The partial remains of an early post-in-ground building, given the name ‘the Quarter,’ were found along the eastern palisade wall. This structure is 16 feet wide and a minimum of 36 feet long. The southern end of the building likely lies under the brick church tower so it could not be uncovered. This structure has a seven by nine-foot cellar at the north end. Like the Barracks building, the Quarter is set back from the palisade 10 feet and oriented parallel to a fort wall. In overall construction methods, this building closely resembles two previously excavated structures from the James Fort period, the Barracks and the Factory. The structural posts delineated the perimeter of the structure but were not aligned in tie-beam pairs. Like the other two structures, the bottom elevations on the posts varied considerably and displayed no obvious pattern of alignment or depth.

The building had an intact occupation layer on the floor of the cellar. This layer consisted of objects left on the floor from activities that took place in the cellar. These artifacts included four spade nosings, an iron pike head, a glass chevron bead, an articulated loggerhead sea turtle shell, a sheathed dagger, and a crushed Roanoke simple-stamped pot. Near the southeastern corner wall, the remains of a leather shot bag were encountered, with eight pieces of shot 15 mm in diameter.

In the northwest corner of the cellar pit, a burned area of subsoil was found with the remnants of what appeared to be a hearth. There were no bricks or other structural remains, but burned wood from the fire was still in place. In the opposite (southeastern) corner were two small “steps” crudely carved out of the natural clay subsoil.

The Quarter’s cellar may well have been one of the first forms of shelter built at Jamestown in the fall of 1607, and later incorporated into larger structures. The Quarter, the Barracks, and the Factory were products of the English colonists’ background.
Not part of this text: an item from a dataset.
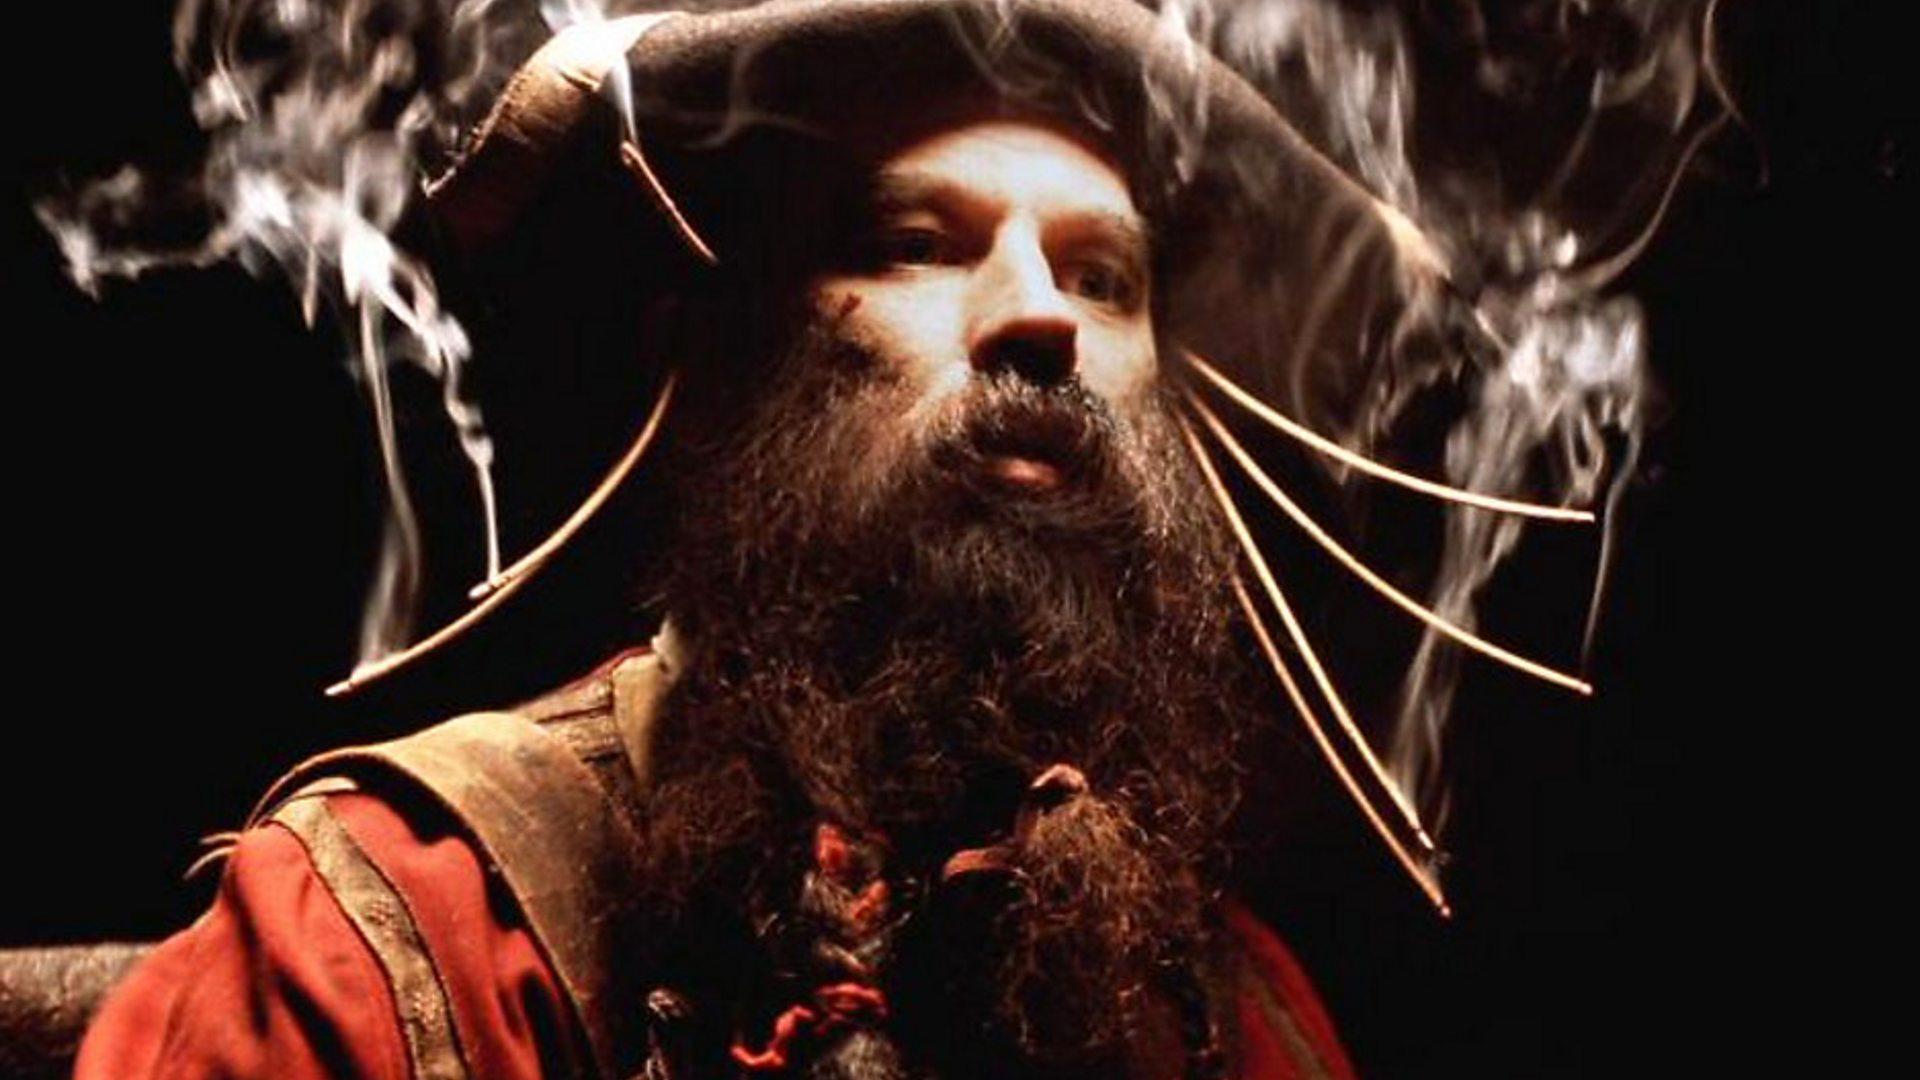 Pirate, Blackbeard

These structures, built before the settlers had been in America long enough to incorporate native building techniques, or have their own traditions, evolved into what later became the “Virginia House.” Interestingly, all shared characteristics with traditional building signatures from Lincolnshire along England’s east coast. Known in the East Lindsay region of Lincolnshire as “mud-and-stud,” this building style used small timbers, simple framing, and mud walls plastered over a slight wooden frame in what architectural historian Eric Mercer called “the poorest of all timber framing . . . a technique perhaps as closely related to solid earth construction as to substantial timber framing.”